HARMONIZE Magazine n° 50 58 MOLLY BLOOM 1st album - 50 min 12

  Here is a group and an album (recorded two years ago) highly amusing: they are funny and they have fun. One will certainly not reduce them to their direction of humour but that it is pleasant to read (or to listen) words as funny as Stevie Winwood' S haircut, for example the first towards: "I used to have long hair and the green teeth". This imagination, this bizarrery, one precisely finds them in their unclassable music as much as pleasant. It is acoustic: mandolin, flute, acoustic guitar, song, accordion, drums; let us specify immediately that that means by no means softie, the majority of the pieces being gorged with freshness and energy. The references which could come to mind would be most acoustic Jethro Tull, especially makes some for these parts of leaping flute and galopante which enjolivent all the album. There is there too something of the madness of Madness or the imagination of Dexy' S Midnight Runner. But Molly Bloom is especially unforeseeable, délicieusement unforeseeable, in the way more "british" which is.

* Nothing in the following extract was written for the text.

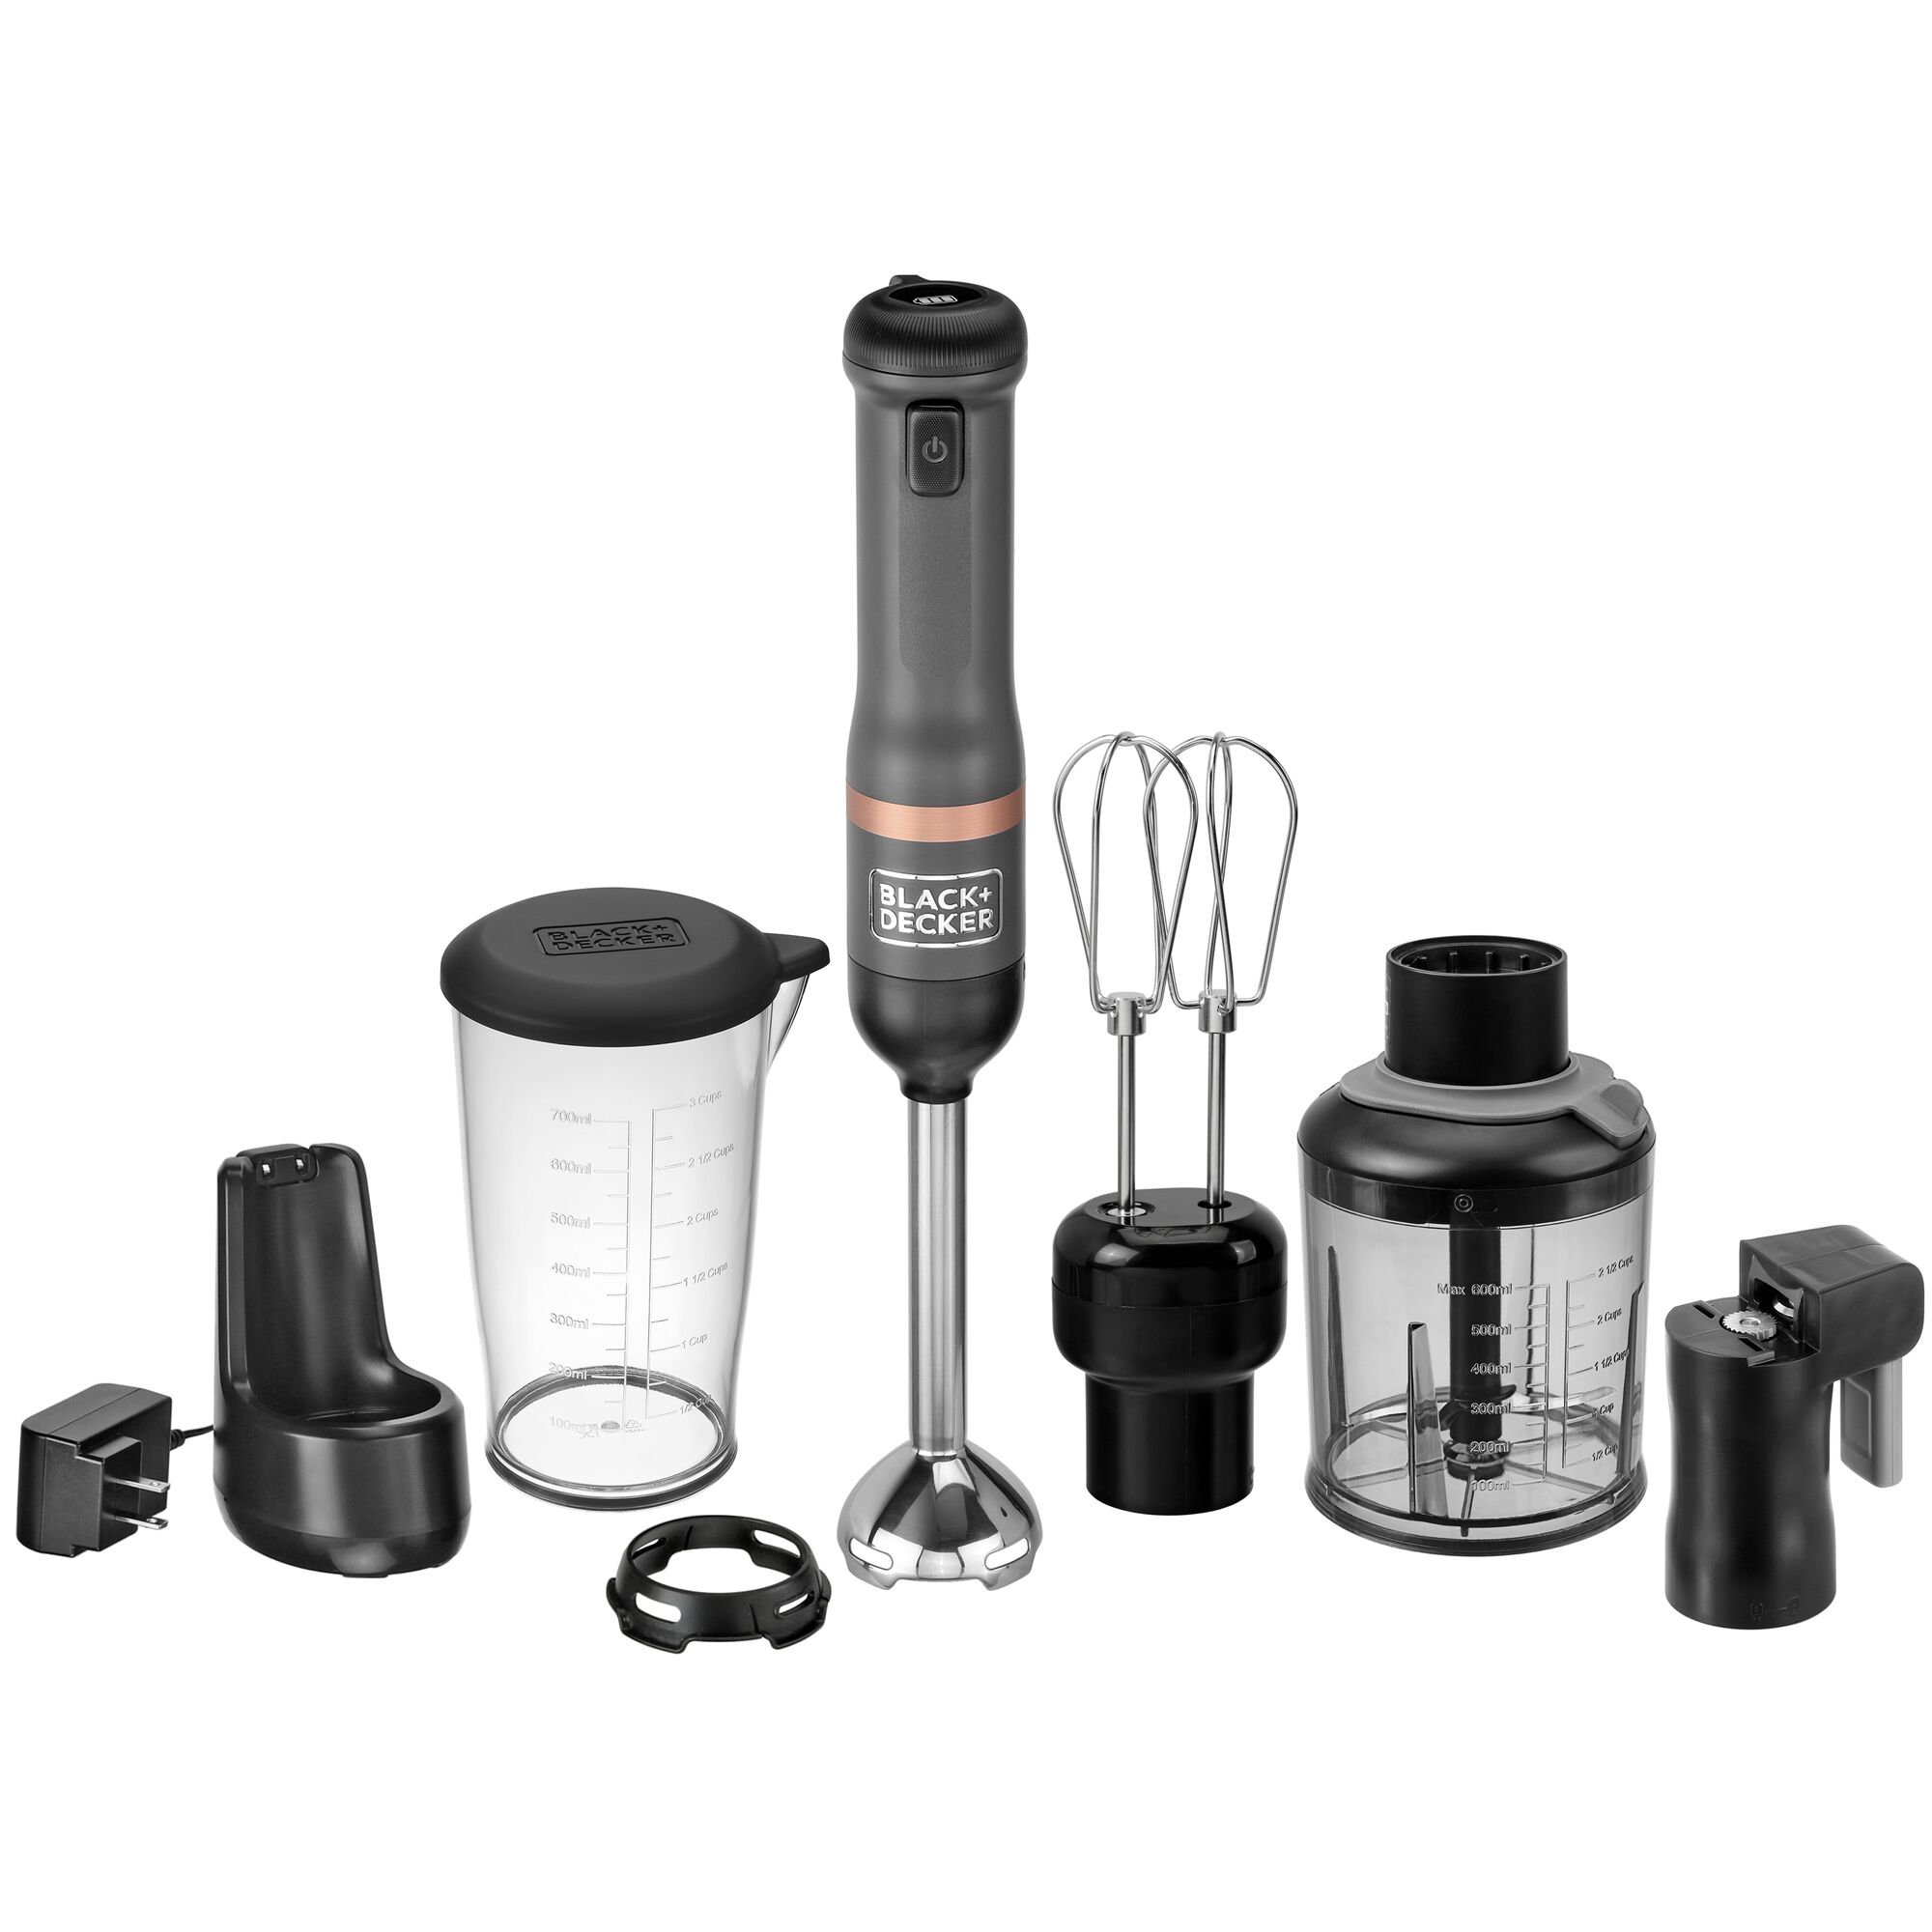 Front view of BLACK+DECKER kitchen wand 3in1 Cordless Kitchen multi-tool kit in grey featuring immersion blender, hand mixer, can opener and food chopper atachments

Its daftness dyes sometimes worrying environments or darker melodies (Le Ciel Se Déchirait). Its music can reveal "medieval" influences like offering an incursion on the side of the tango or flamenco. The accordion does not have anything vulgar here, it dialogues nicely with the flute. To also note very beautiful parts of acoustic guitar. It is fresh, reinvigorating and full with invention. Pretty surprise my faith which the new minis CD Green fence confirm, advisable.